I looked up to the deep voice and my breath gave a tiny gasp away. "He..Hello Sir Montear........... what makes you think I'm enjoying myself." At first I stuttered but I realized why did I have to look like a weakling, so I eyed him firmly and replied back. 
"Well first you're smiling, and also you were humming so it made me think you were having a time you were enjoying." I shrugged and replied " Well I guess you can think that way although you never now what a person's real mind is. " Sir Montear's face darkened and I gave myself a secret satisfying smile. Without even asking, he sat right next to me near the lake. I inched away, for I didn't want him too near me. I didn't like people touching me especially men. "Well, yes you don't know a person's mind unless you become that person. That's how complicated a person's mind is and that's how hard you have to control it carefully. " I didn't understand his words and how he had said control their minds. I didn't say anything and just looked across the lake. As he kept talking I closed my eyes and just hummed the song in my head completely ignoring him. I didn't want to talk about anything, all I wanted to do was just hum and he had inturupted my perfect time. 

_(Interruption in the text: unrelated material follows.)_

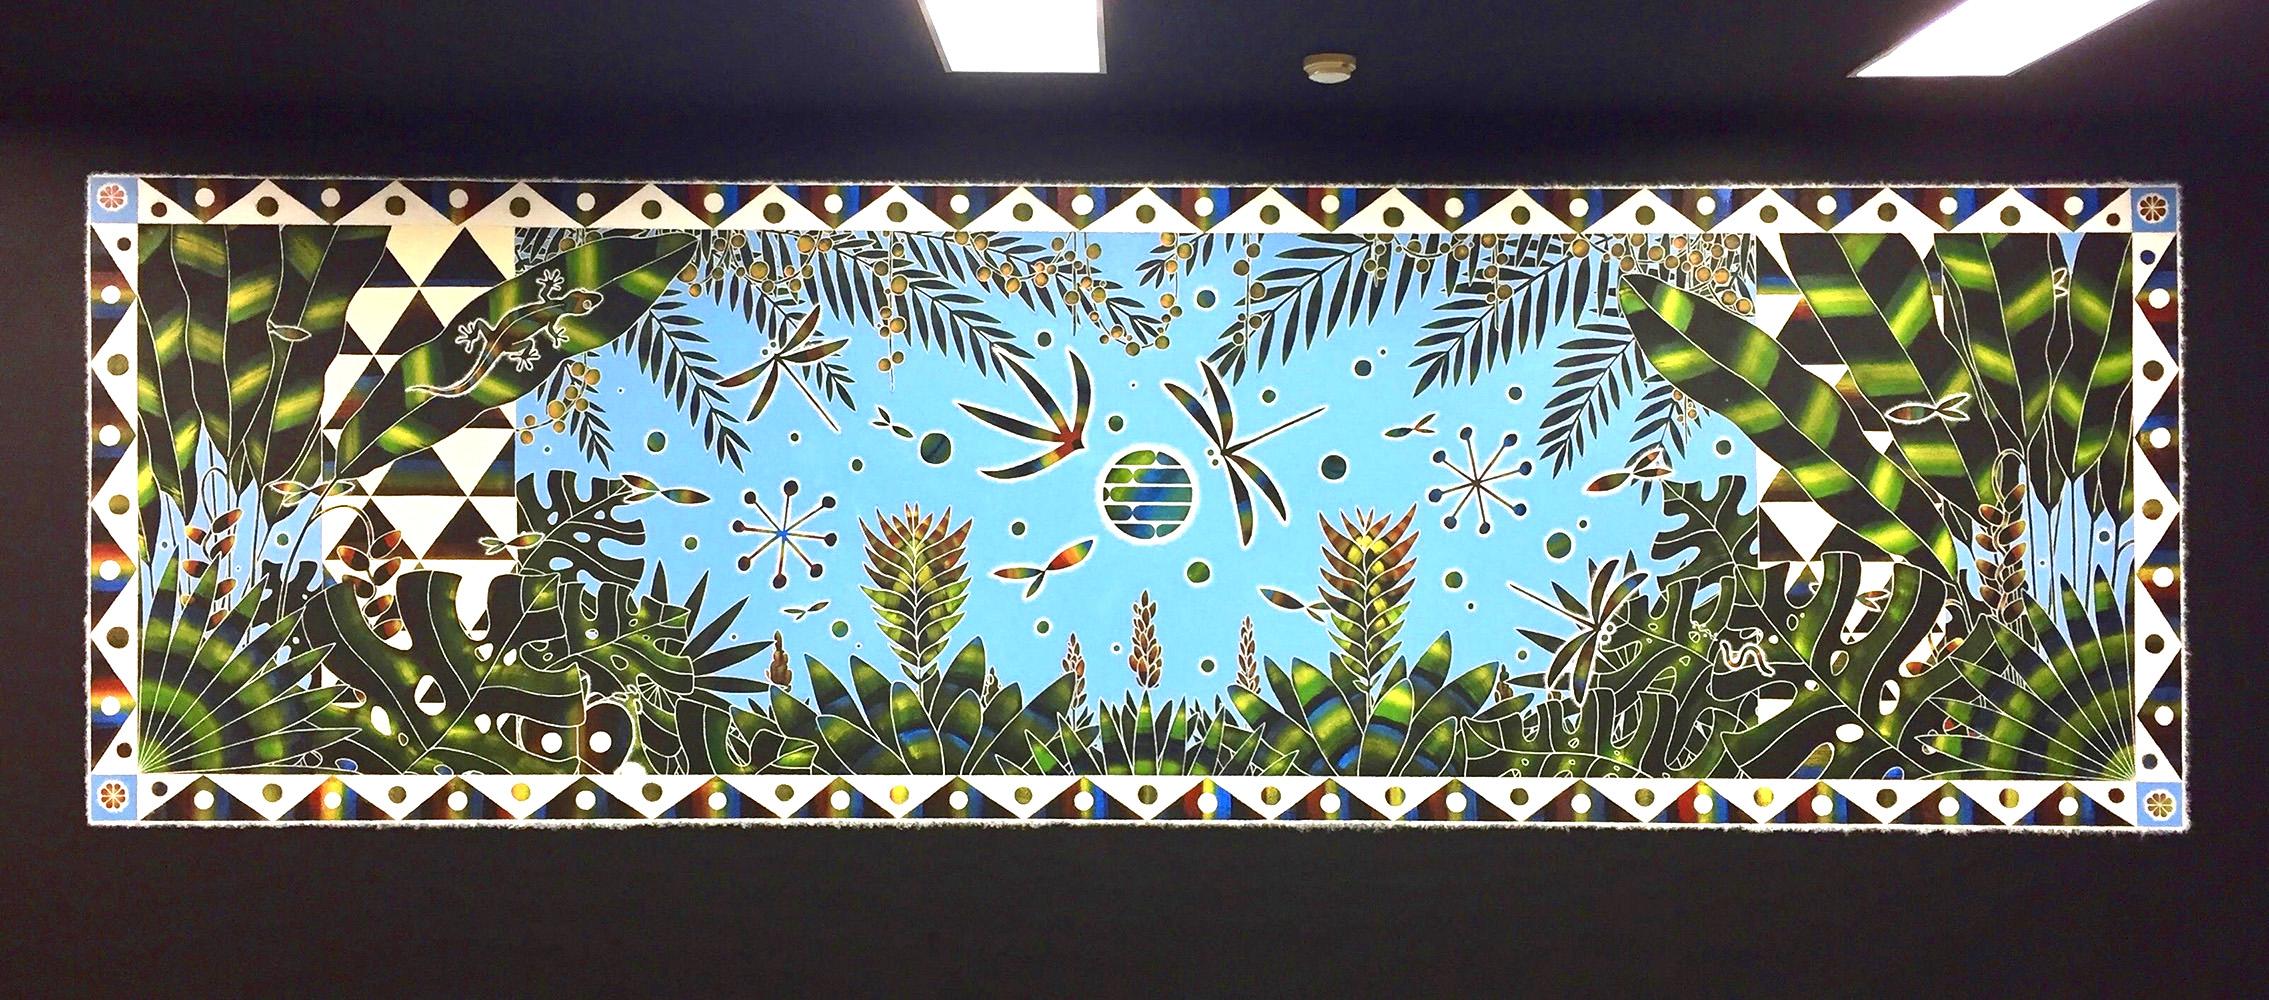 [Selva tropical]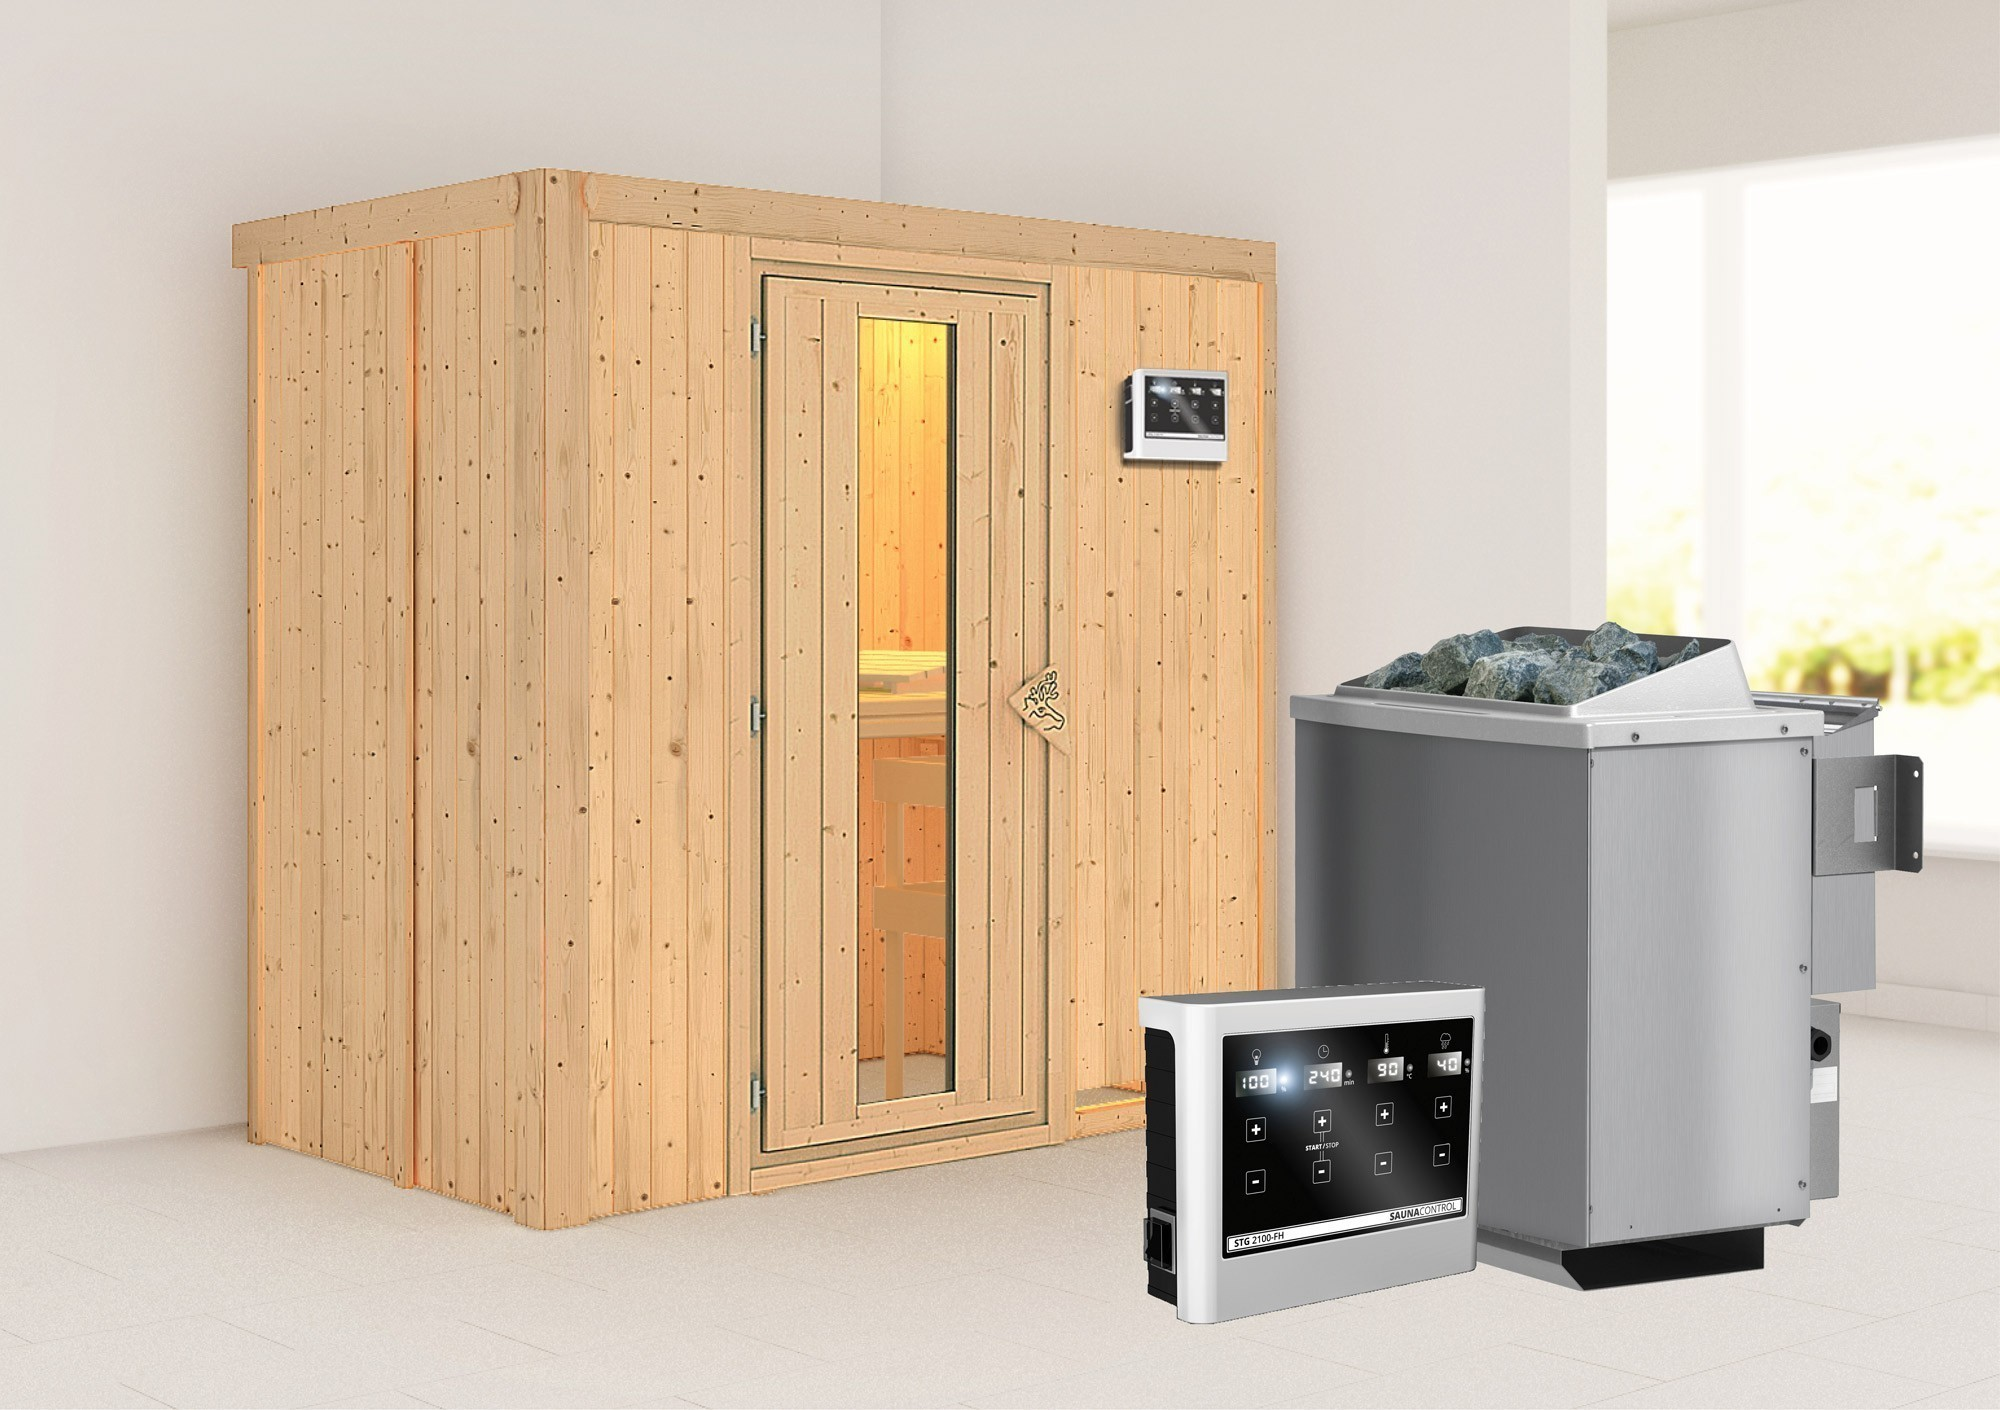 Karibu Sauna Variado 68mm mit Bio Saunaofen 9kW extern Holztür Bild 1

        "Ms. Kristian Greenland, were you even listening to me?" I opened my eyes and shook my head. It was kind of embarrassing now that he was looking at me. He grumbled and looked away. I shrugged and touched the lake again. It was becoming a habit. "You know..... nature has a lot of stories and they tell them to us each night, but only the person who can understand them and see them are the ones who can hear the story each night.  And there was this one story where it talked about the tear in a heart that was surrounded by love. This heart was given to a young woman..... You don't have to try to control a heart or mind because they're something that is valuable and important to humans. The more you try to control and have power the more it will scratch away the warmth and bring the cold. That's just how nature works and that's how they tell the stories that only few can see..." These words that came out of my mouth surprised me and I could tell Sir Montear's face was surprised. After a few minutes of empty silence with me cursing myself out in my head his voice came......"so....can you see them..?" I didn't want anyone to know anything about me but I just nodded.